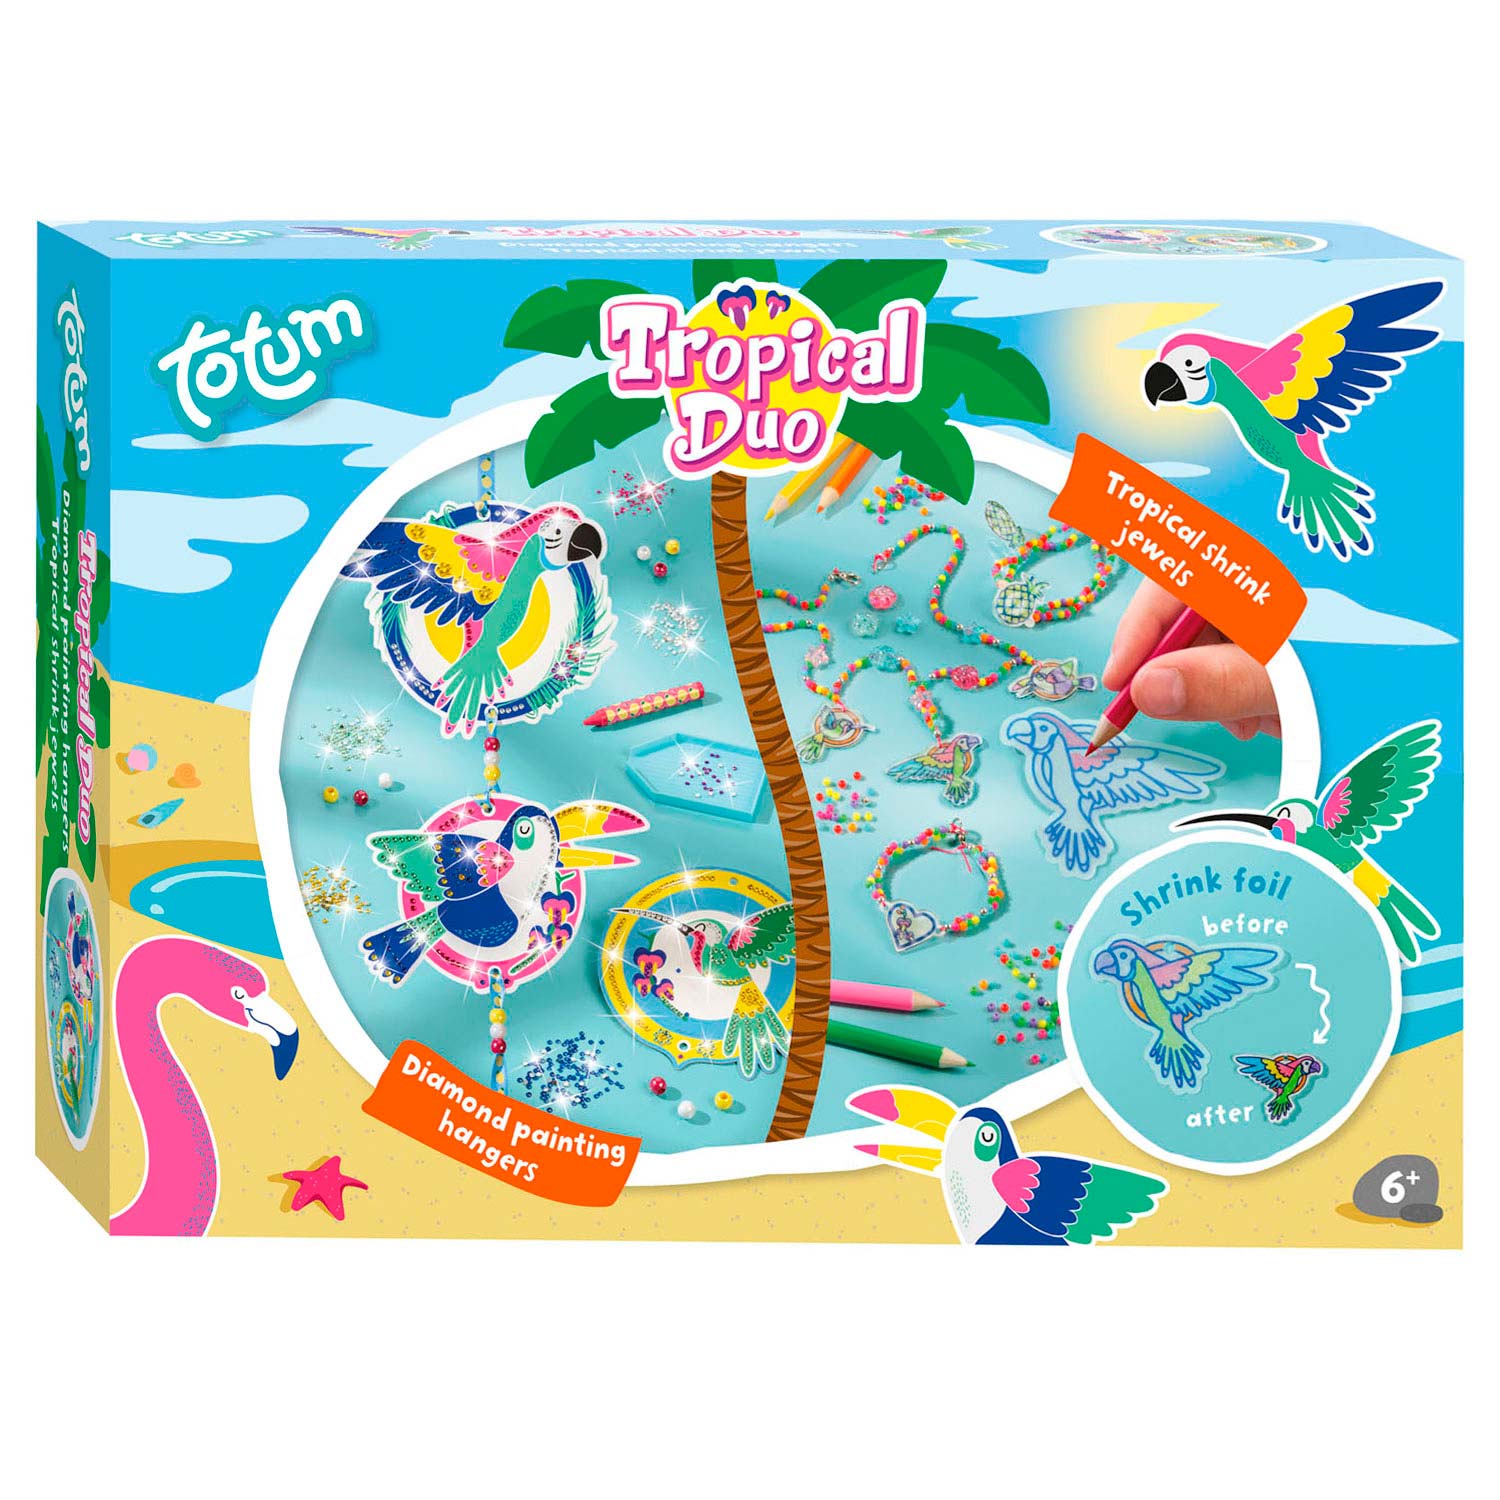 Totum Tropical Duo Knutselset, 2in1
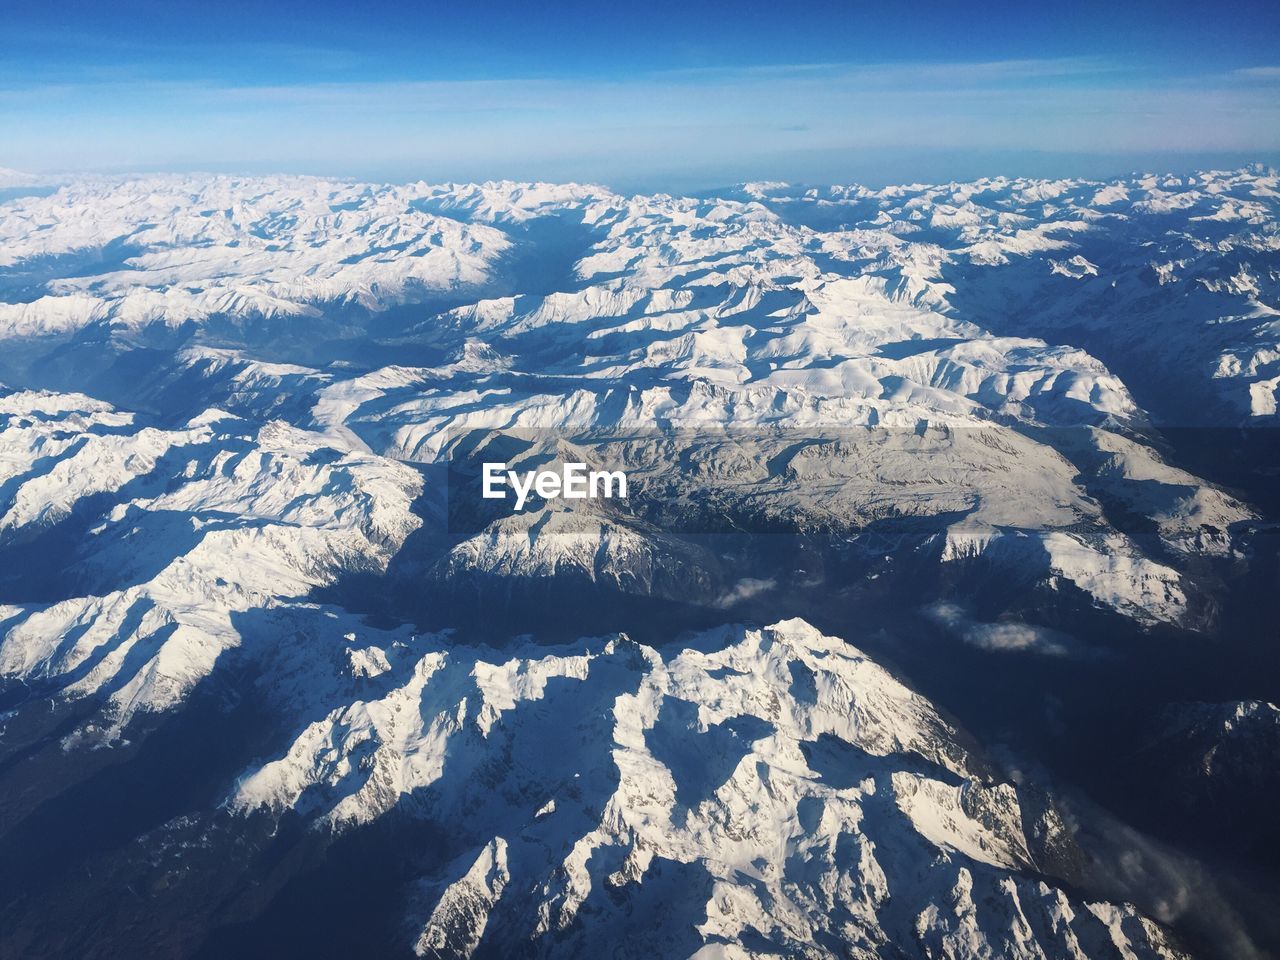 Snowy mountains from a high altitude
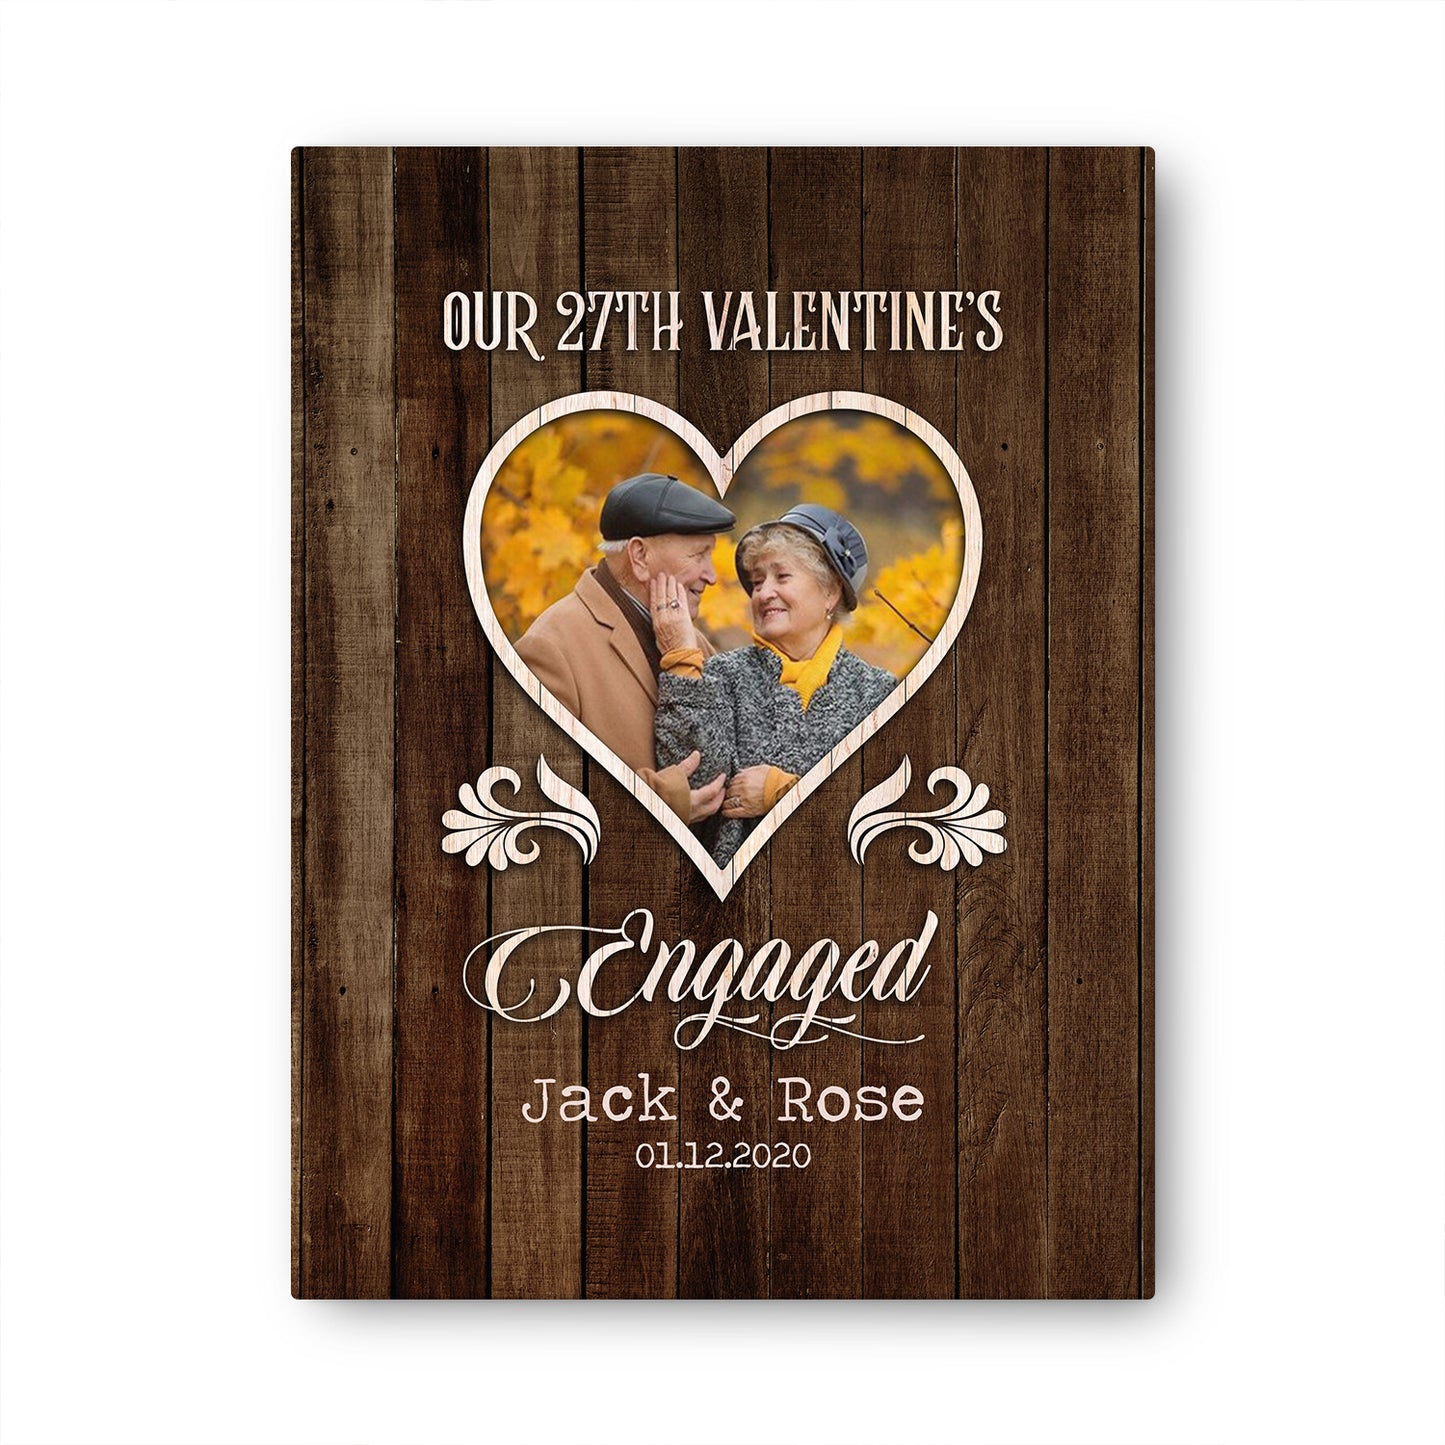 Our 27th Valentine’s Day Engaged Custom Image Anniversary Canvas
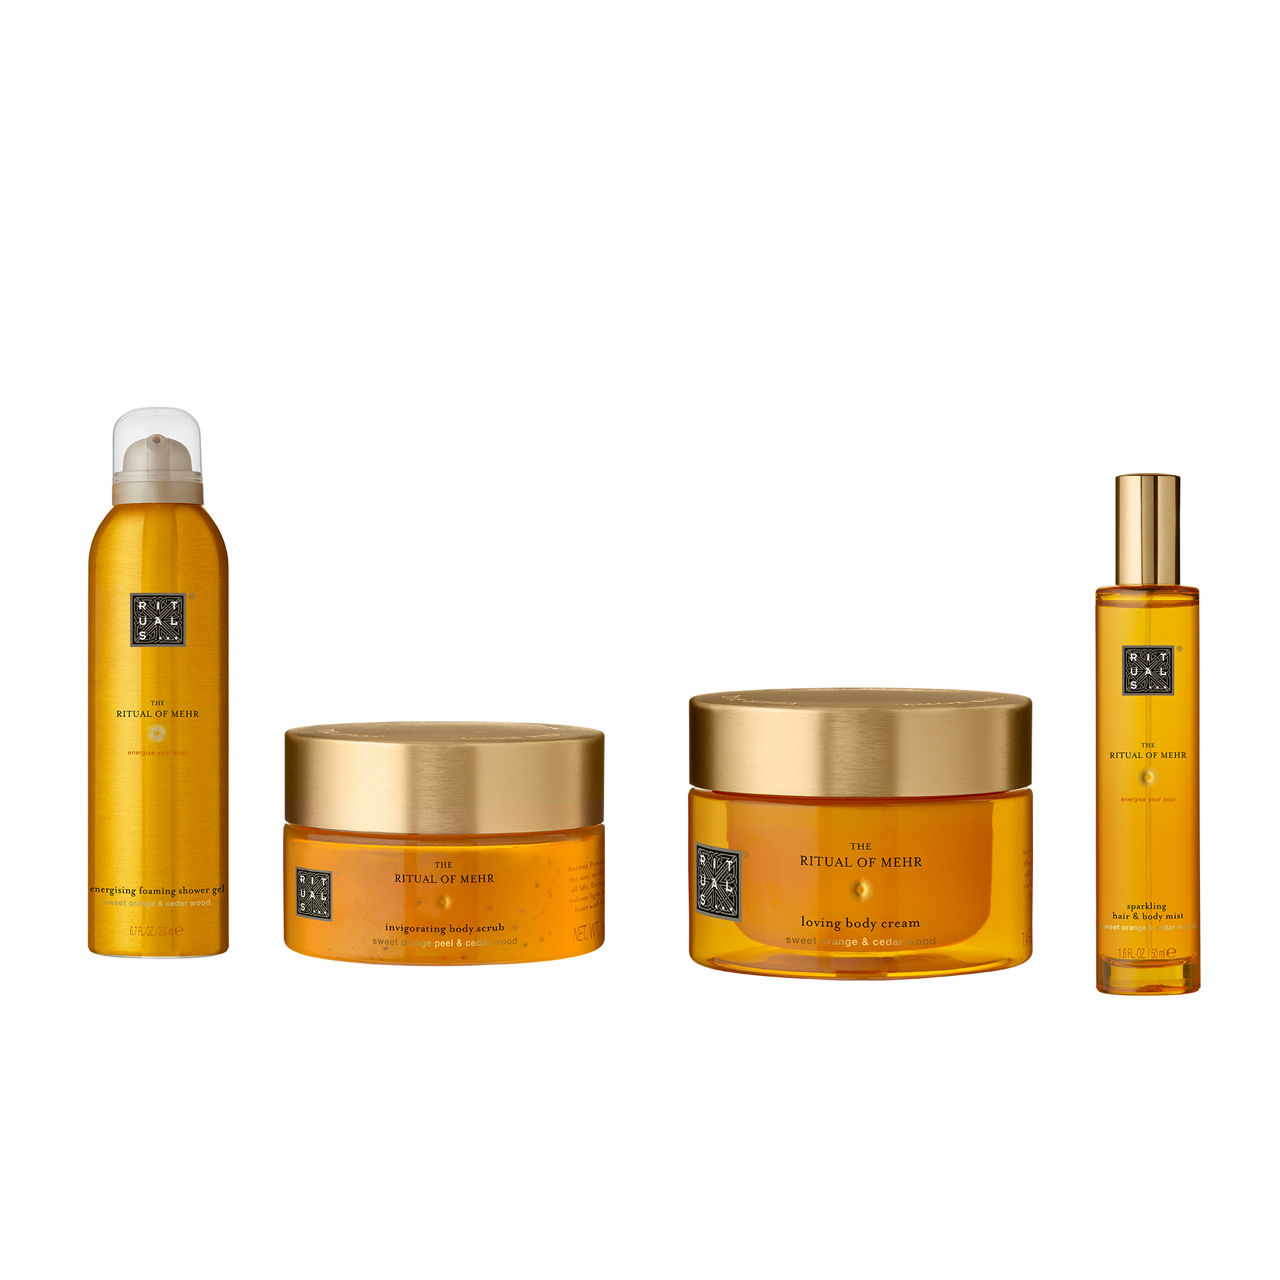 RITUALS The Ritual of Mehr Body Care Collection
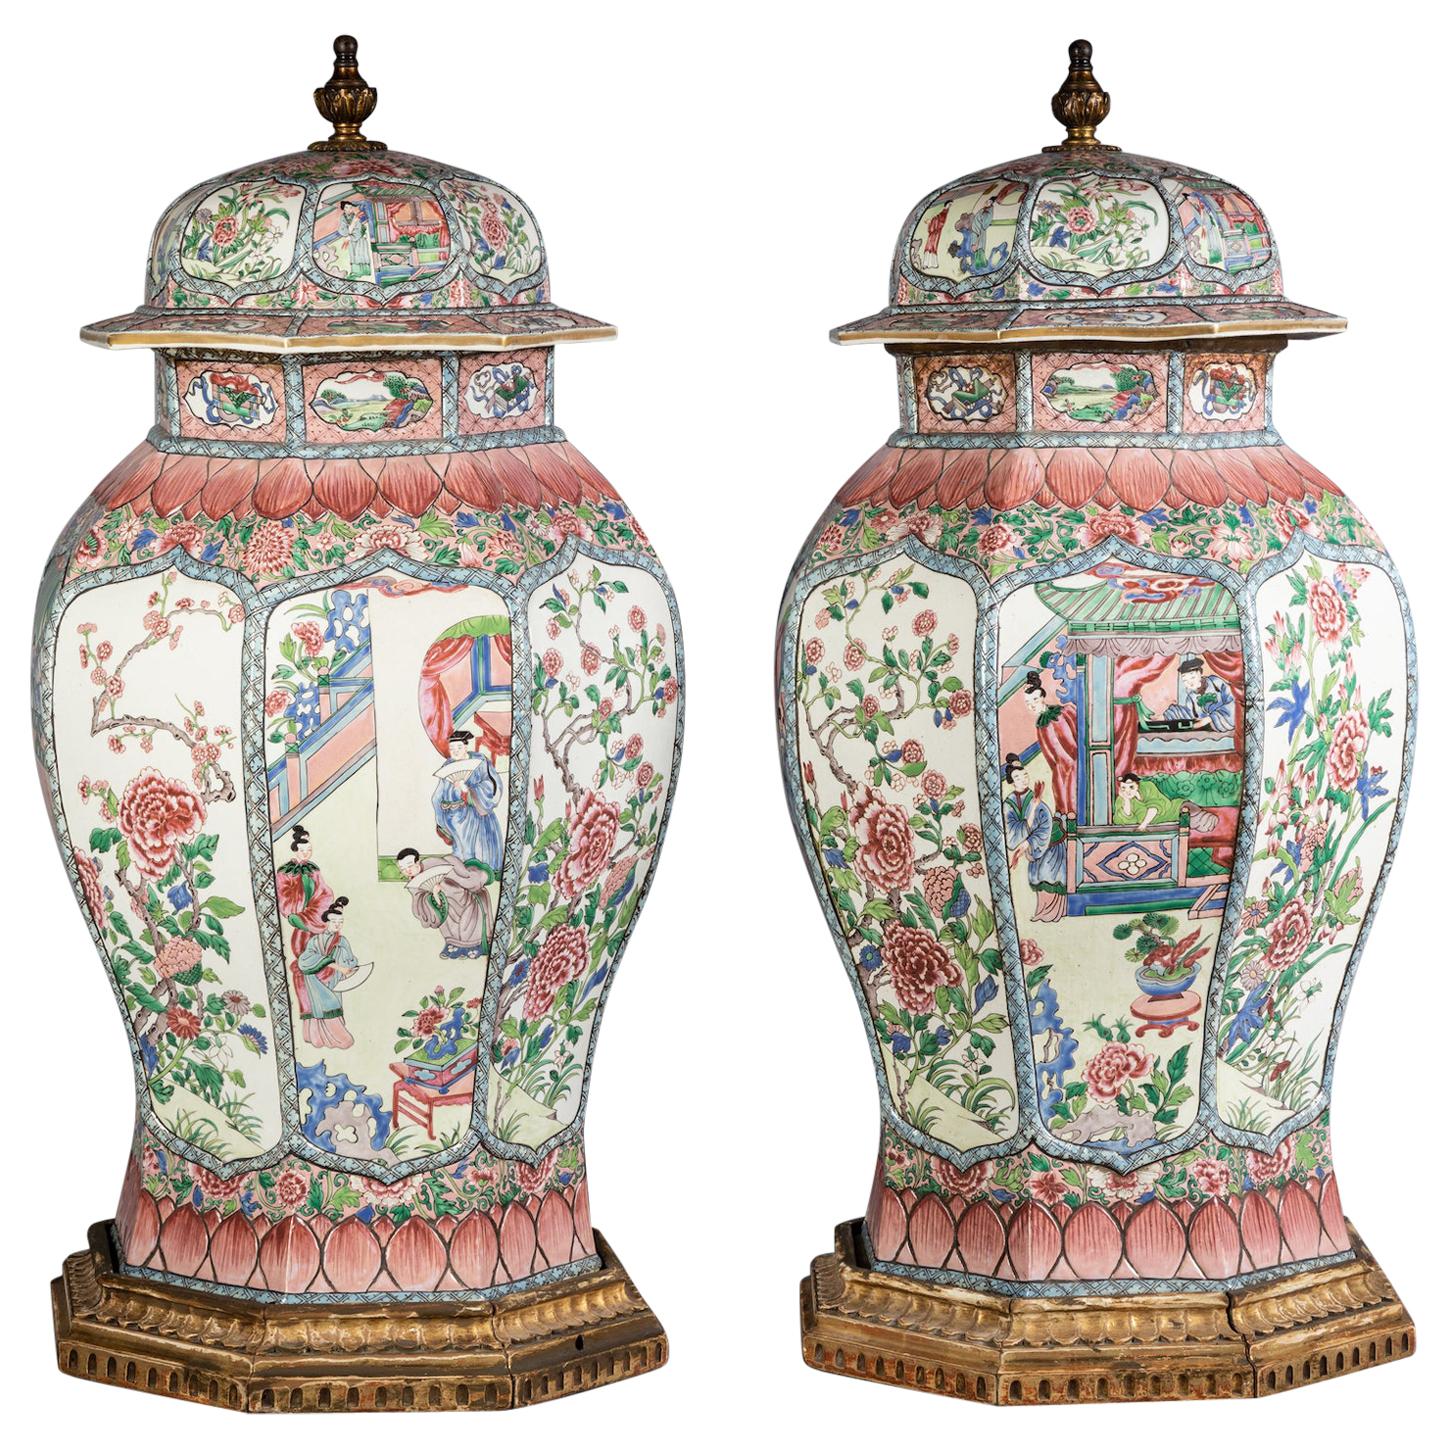 Pair of Massive French Porcelain Famille Rose Chinoiserie Covered Urns

**Exercise instructions:** I'd like every record printed exactly, with the pictures left out.

**Response area:**
 Totum Tropical Duo Knutselset, 2in1
 Snowy mountains from a high altitude
 Our 27th Valentine’s Day Engaged Custom Image Anniversary Canvas
 RITUALS The Ritual of Mehr Body Care Collection
 Pair of Massive French Porcelain Famille Rose Chinoiserie Covered Urns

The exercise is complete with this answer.